Doch zum Glück gehe es ihm nun wesentlich besser und er müsse sich nicht mehr vor einer paranoiden und hochgradig eifersüchtigen Verrückten fürchten, wenn er hier so ausgelassen mit einer derart tollen Frau, wie Eleonora säße und ein so wohltuendes und schönes Gespräch genießen könne wie er es mit keiner anderen Frau zuvor so intensiv erlebt hätte.
Eleonora fühlte sich geschmeichelt, schaute verlegen an ihm vorbei und bemerkte, wie beim Gedanken, dass er am nächsten Tag wieder abreisen würde, Traurigkeit aufkam.
Bruno lebte in der Schweiz. Am nächsten Tag verabschiedeten sie sich mit einer kurzen Umarmung und Eleonora setzte sich gefasst an ihren Computer, um mit der Buchhaltung fort zu fahren.
Eine halbe Stunde später bekam sie eine Email von Bruno.
Er bedankte sich für den schönen Abend mit ihr und würde das gerne wiederholen, schrieb er.
Ein netter gelber Smiley ließ auch Eleonora lächeln und sie schrieb prompt zurück, dass sie sich freuen würde, Punkt Punkt, Punkt, Doppelsmiley, Lg E.
Nur 3 Tage später überraschte er sie unerwartet im Hotel und nahm sich erneut ein Zimmer.
Am 4. Tag gestand er ihr offen seine Gefühle und dass er an nichts anderes mehr denken könne.
Am 10. Tag kam er wieder ins Hotel und sie verbrachten die ganze Nacht im Freien. Sie redeten so lange, bis sie unter klarem Sternenhimmel auf einer Picknickdecke nebeneinander einschiefen.
Am 17. Tag hatten sie endlich ein ganzes Wochenende für sich alleine.
Am 25. fuhren sie turtelnd für eine Woche zum Segeln nach Monte Carlo.
Am 30. wollten sie nie mehr ohne einander sein.
Und am 42. Tag war er verschwunden.
Eleonora verstand den Erdball nicht mehr.
Hatte sie irgend etwas übersehen? War ihm etwas zugestoßen? Hatte sie etwas falsch gemacht?

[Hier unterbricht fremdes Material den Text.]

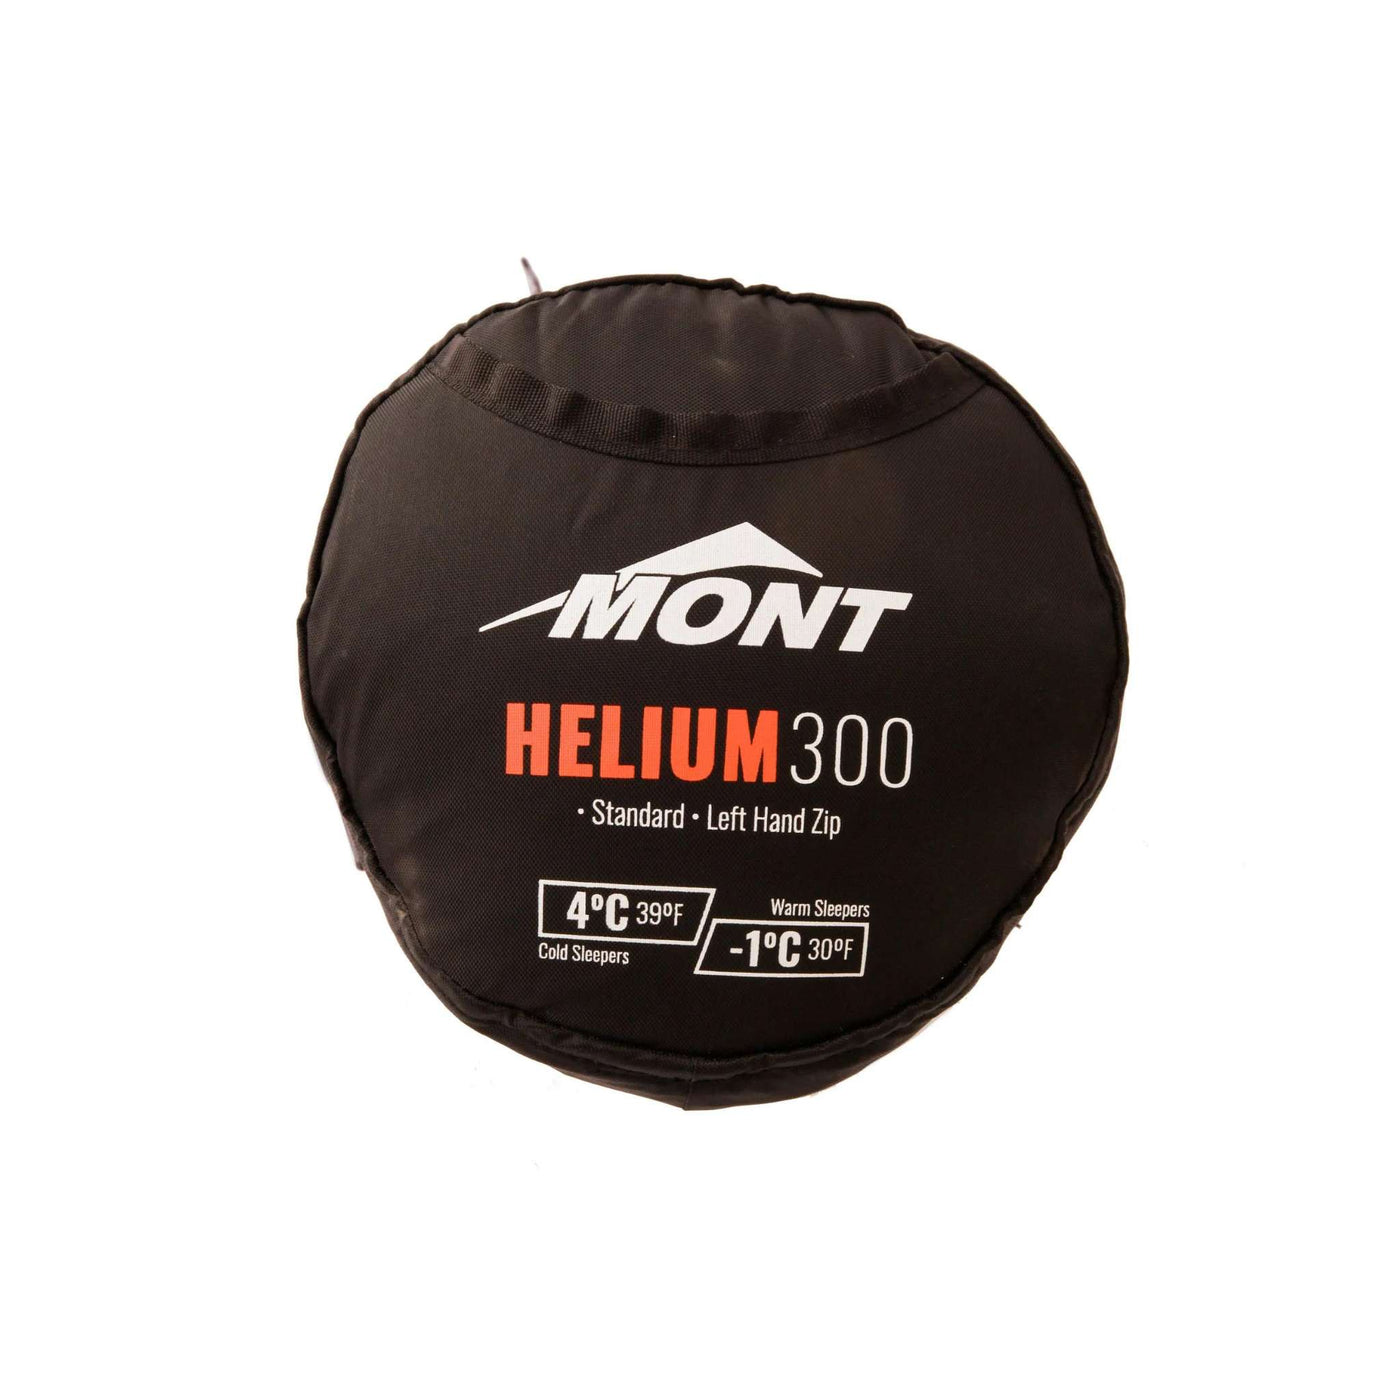 Mont Helium 300 4 to -1°C Down Sleeping Bag - Standard Left Hand Zip | Down Sleeping Bags NZ | Further Faster Christchurch NZ
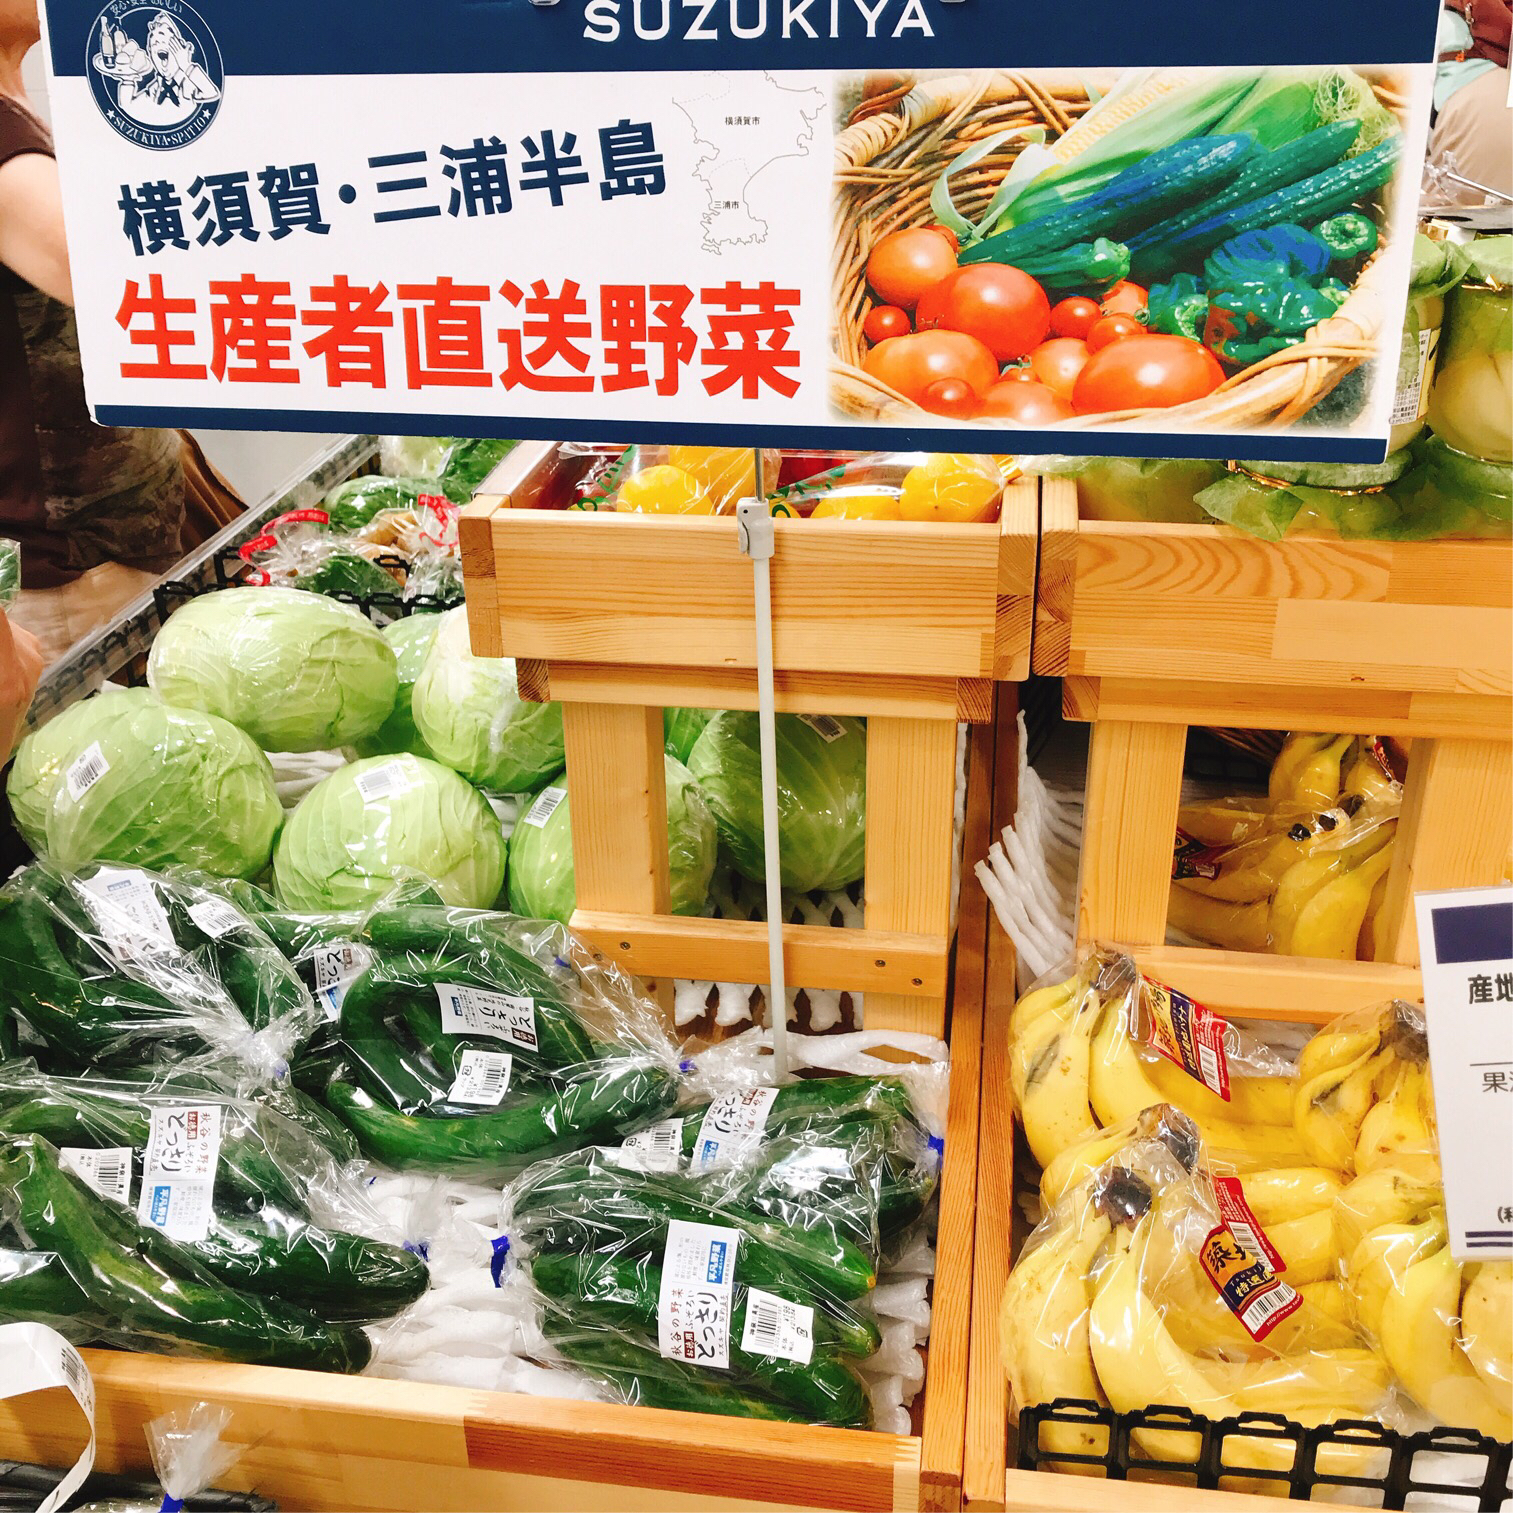 SUZUKIYA直送のお野菜。新鮮で美味しそう。

Zwei ganze Tage lang analysierte sie unter Tränen alle Szenen von A bis Z, von vorn bis hinten, von Pontius und durch den monatlichen Zyklus ihrer schmerzhaften Menstruation, bis sie auch bei Herrn Pilatus das Powerhouse fand und einmal Blutmond und zurück, aber sie konnte sich immer noch nicht erklären, warum Mr. „Ochs-fort“ wie eine Sternschnuppe auf allen Kanälen plötzlich verglüht zu sein schien und jetzt keinerlei Lebenszeichen mehr von sich gab.
Am nächsten Tag kam ein handgeschriebener Brief mit dieser kurzen Nachricht an:
Hallo Ella.
Es tut mir leid, ich kann das nicht.
Brauche Zeit für mich. Bitte sei mir nicht böse.
B.
Eleonora kämpfte mit ihrer Wut und mit ihrer Enttäuschung zugleich. Sie hatte schon viel über die Psychologie der Liebe gelesen, aber so eine Nummer war auch ihr noch nicht unter gekommen.
Was für ein aufgeblasener Phrasen-Drescher das doch war, ihr erst ein Sommermärchen vorzuspielen, ihr die schönsten Himmelsworte zu flüstern und dann mit seinem Monster-Ego die Fliege zu machen.
Hatte er sich bei seiner Exfrau Schauspielunterricht geben lassen oder hatte er nur ein ausgeprägtes Talent, derartige Höhenflüge zu veranstalten, dass einem der Schimmel in den Augenkammern und die Sjögren-Wüste im Munde wächst?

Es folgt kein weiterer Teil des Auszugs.